**STORED DATA:**
'''

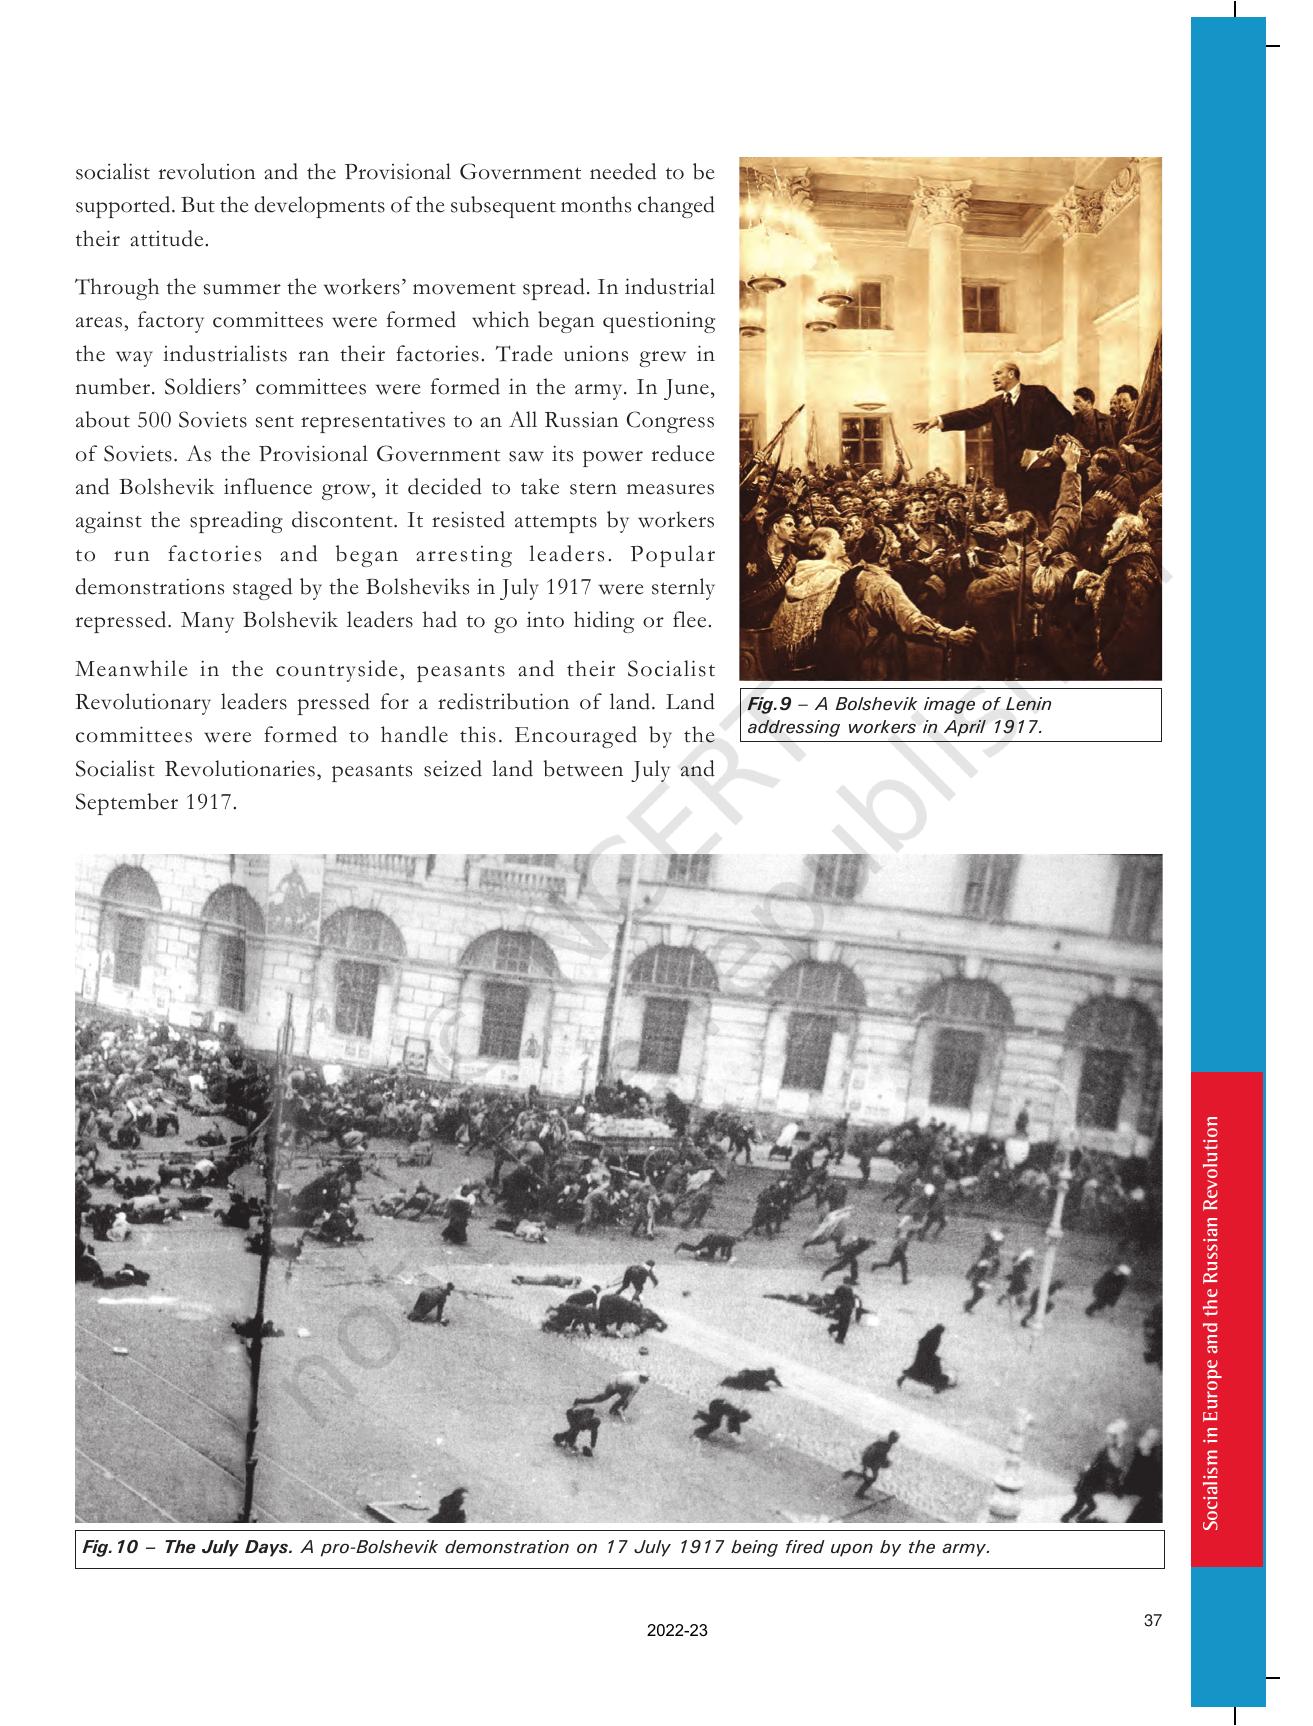 NCERT Book for Class 9 History Chapter 2 Socialism in Europe and the Russian Revolution - Page 13
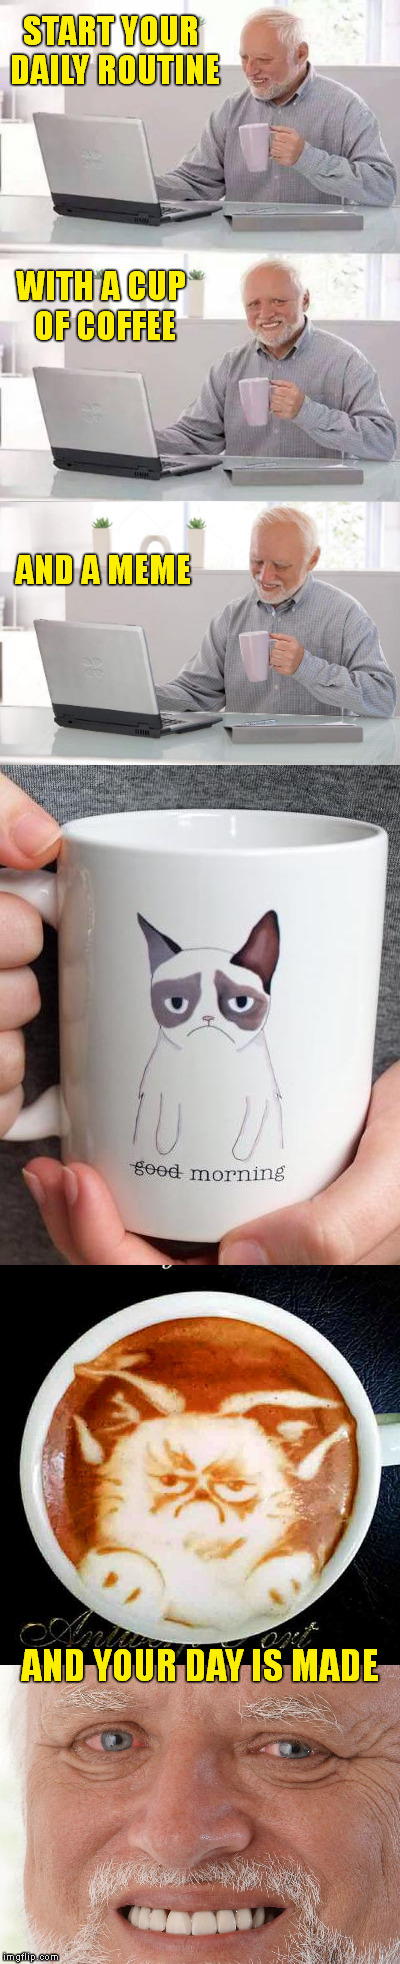 Have a nice day  ! | START YOUR DAILY ROUTINE; WITH A CUP OF COFFEE; AND A MEME; AND YOUR DAY IS MADE | image tagged in hide the pain harold,breakfast,grumpy cat coffee cup,memes,cat doesn't like this coffee,made my day | made w/ Imgflip meme maker
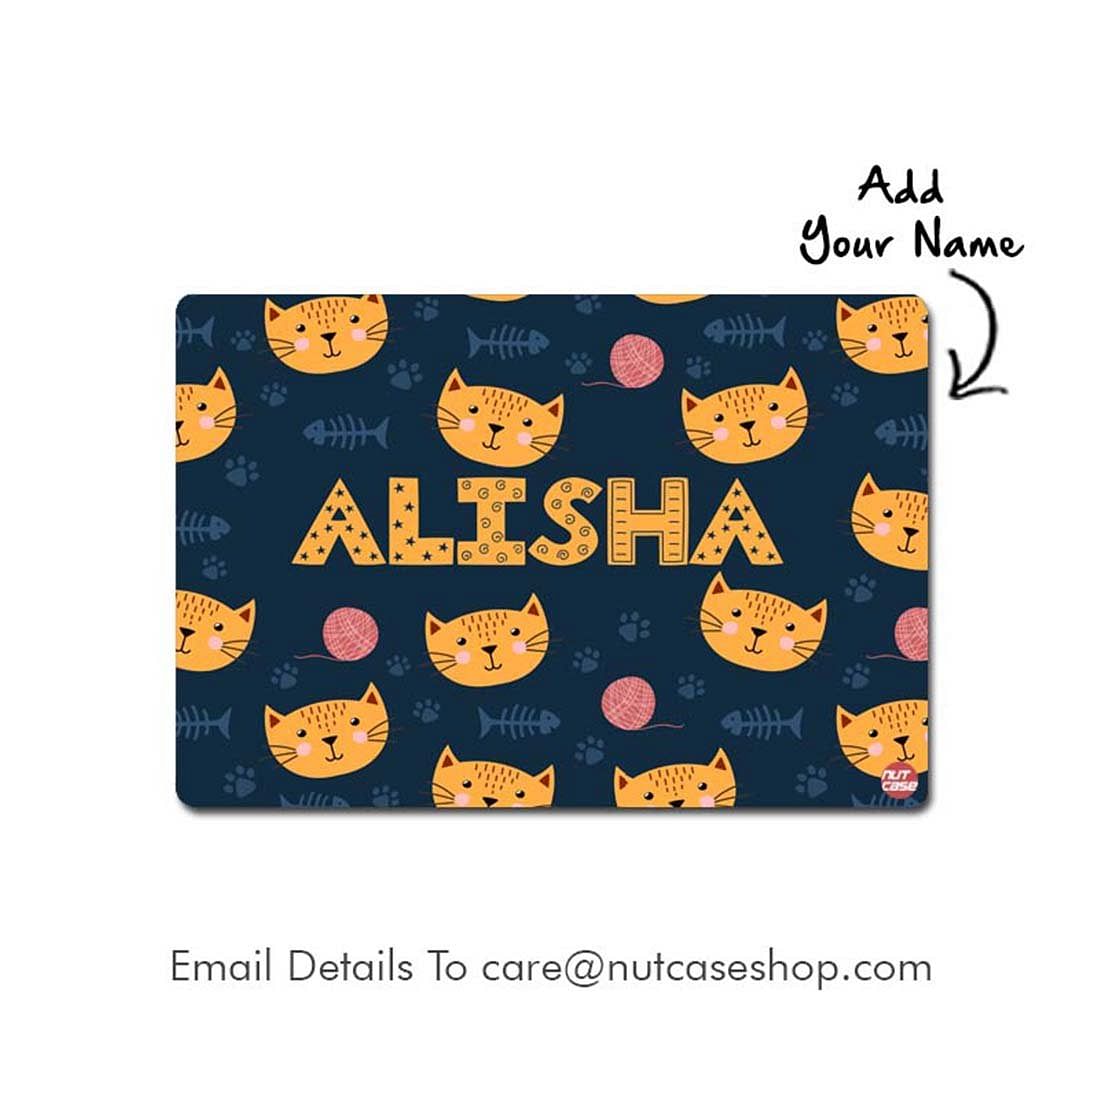 Custom Made Printed Placemats for Kids Return Gift  - A Cute Little Cat Nutcase
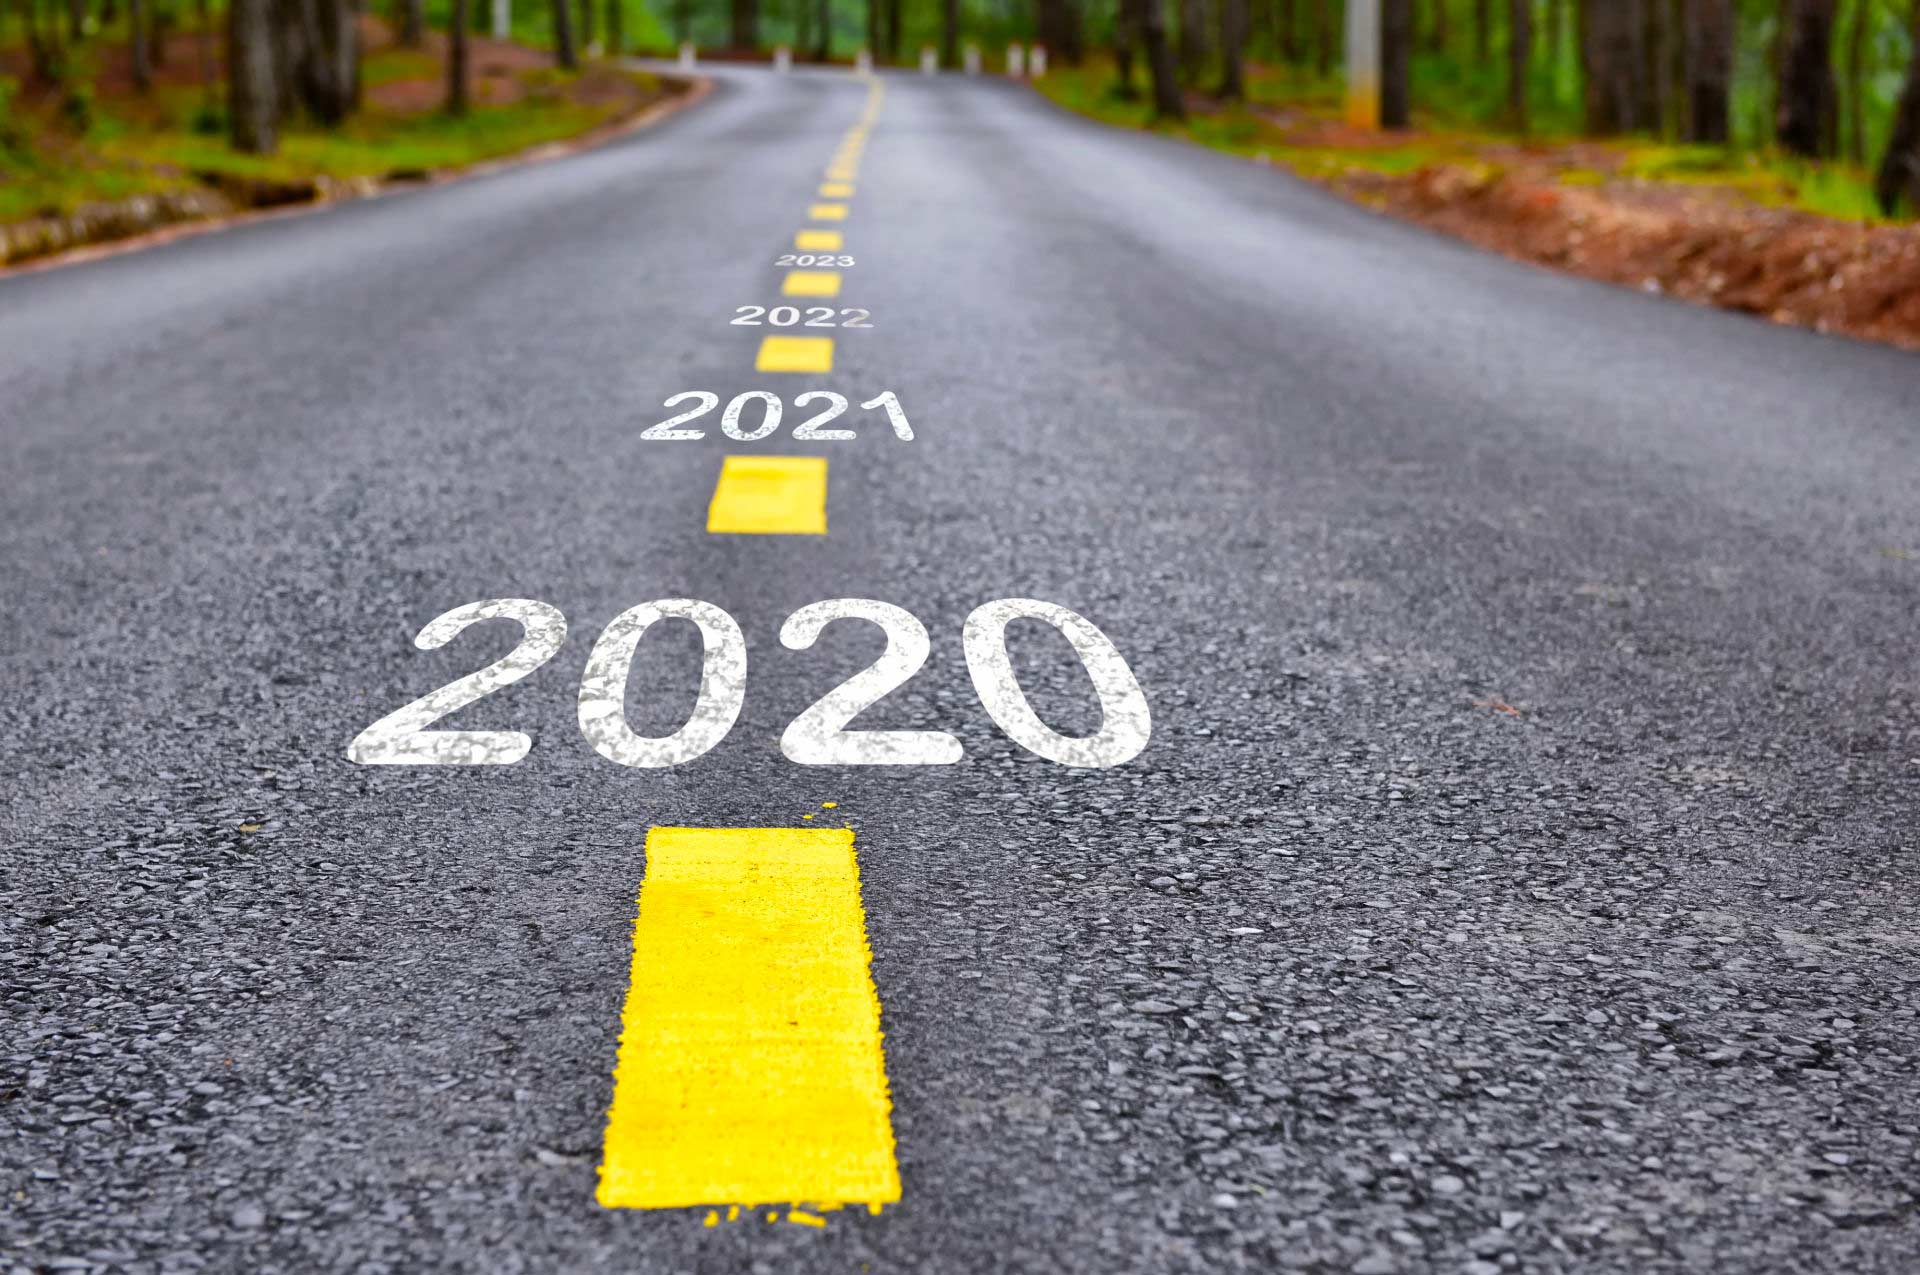 Asphalt road through forest with the years “2020,” “2021,” etc. stretching ahead toward the future.

'''

**TASK PROMPT:** Print every line above exactly. Leave the pictures out.

**EXPECTED OUTPUT:**
 NCERT Book for Class 9 History Chapter 2 Socialism in Europe and the Russian Revolution - Page 13
 Have a nice day  ! | START YOUR DAILY ROUTINE; WITH A CUP OF COFFEE; AND A MEME; AND YOUR DAY IS MADE | image tagged in hide the pain harold,breakfast,grumpy cat coffee cup,memes,cat doesn't like this coffee,made my day | made w/ Imgflip meme maker
 Custom Made Printed Placemats for Kids Return Gift  - A Cute Little Cat Nutcase
 Asphalt road through forest with the years “2020,” “2021,” etc. stretching ahead toward the future.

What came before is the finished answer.